Results: Compared with the cost of treating an elderly, non-cancer patient in the matched sample, the average cost of treating an elderly patient with RCC was $US11 169 (95% CI 10683, 11 655) more per year, based on our analyses of the latest SEER-Medicare data. The annual cost to treat patients with RCC who received targeted therapies was 3- to 4-fold greater than the cost to treat patients with RCC who received other therapies. Results from the multivariate BIIB057 price analysis showed that, after controlling for potential confounders, the annual medical cost was $US31 000-65000 higher for RCC patients treated with targeted therapies, with the largest increase observed among the non-elderly patients.

Conclusion: The economic burden of RCC is likely to

grow with an increasing use of targeted therapies. Future research is needed to understand the impact of various forces on the economic burden of RCC, such as increased disease incidence, use of minimally invasive surgical techniques and more prevalent adoption of emerging targeted therapies.”
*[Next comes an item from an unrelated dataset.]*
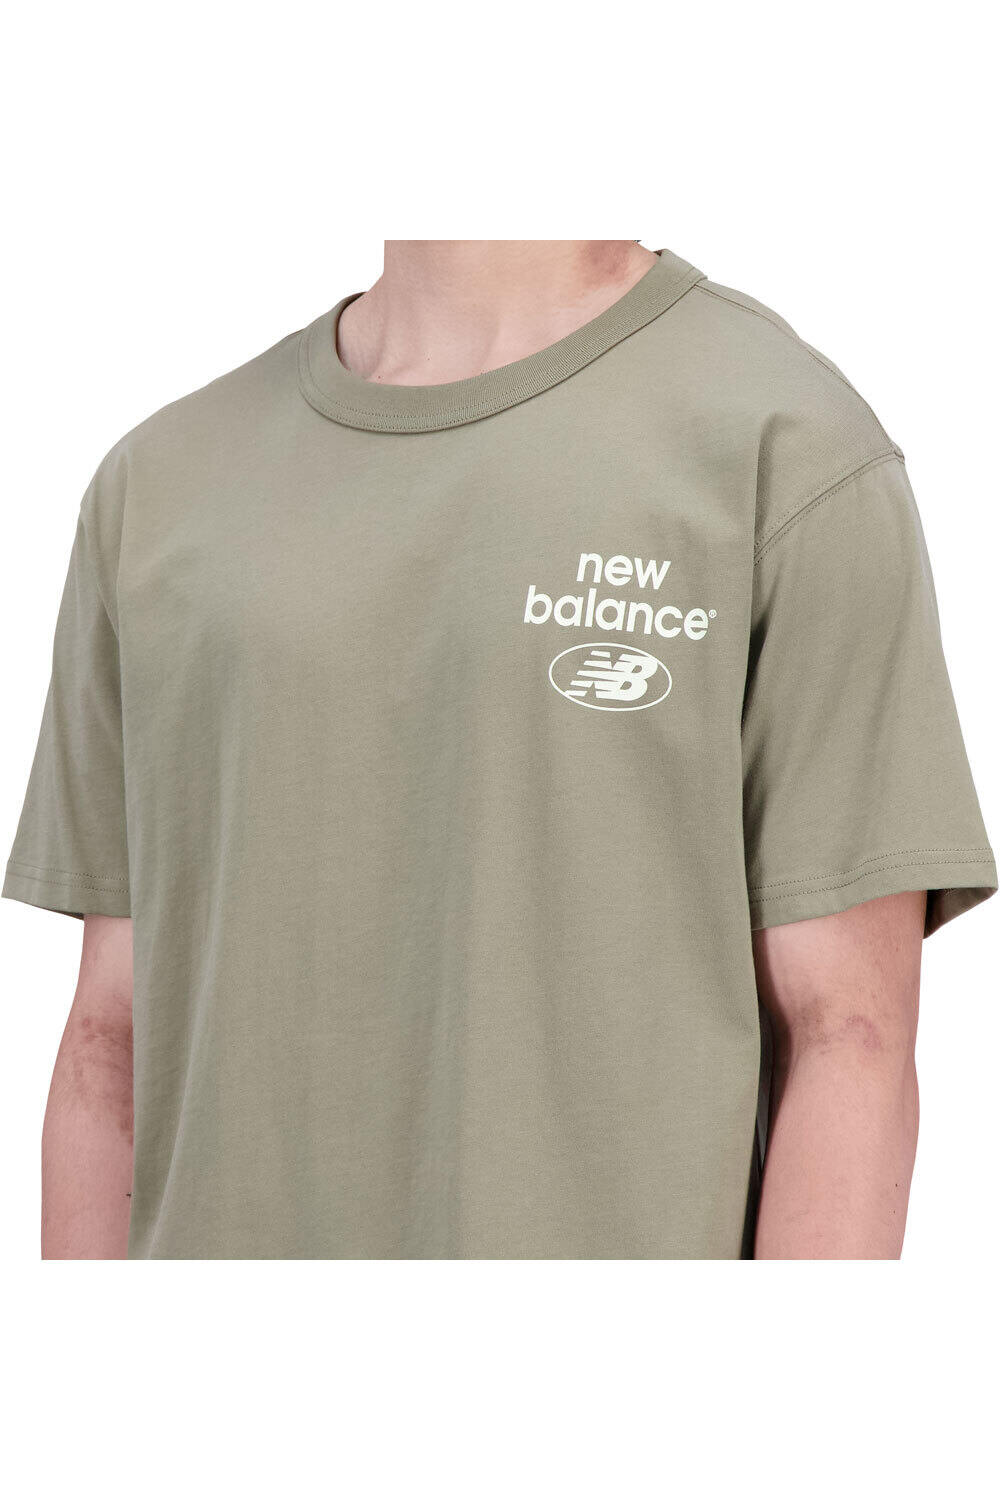 New Balance camiseta manga corta hombre Essentials Reimagined 03

“The aim of this study was to modify pectin by covalent attachment of the water-insoluble ligand 4-aminothiophenol to its polymeric backbone. 4-Aminothiophenol is a ligand which is highly prone to oxidation. Therefore, this ligand allows oxidative cross-linking of pectin under mild oxidative conditions. Additionally, hydrophobization of pectin can be achieved by the mentioned modi. cation which offers certain advantages over highly hydrophilic native pectins.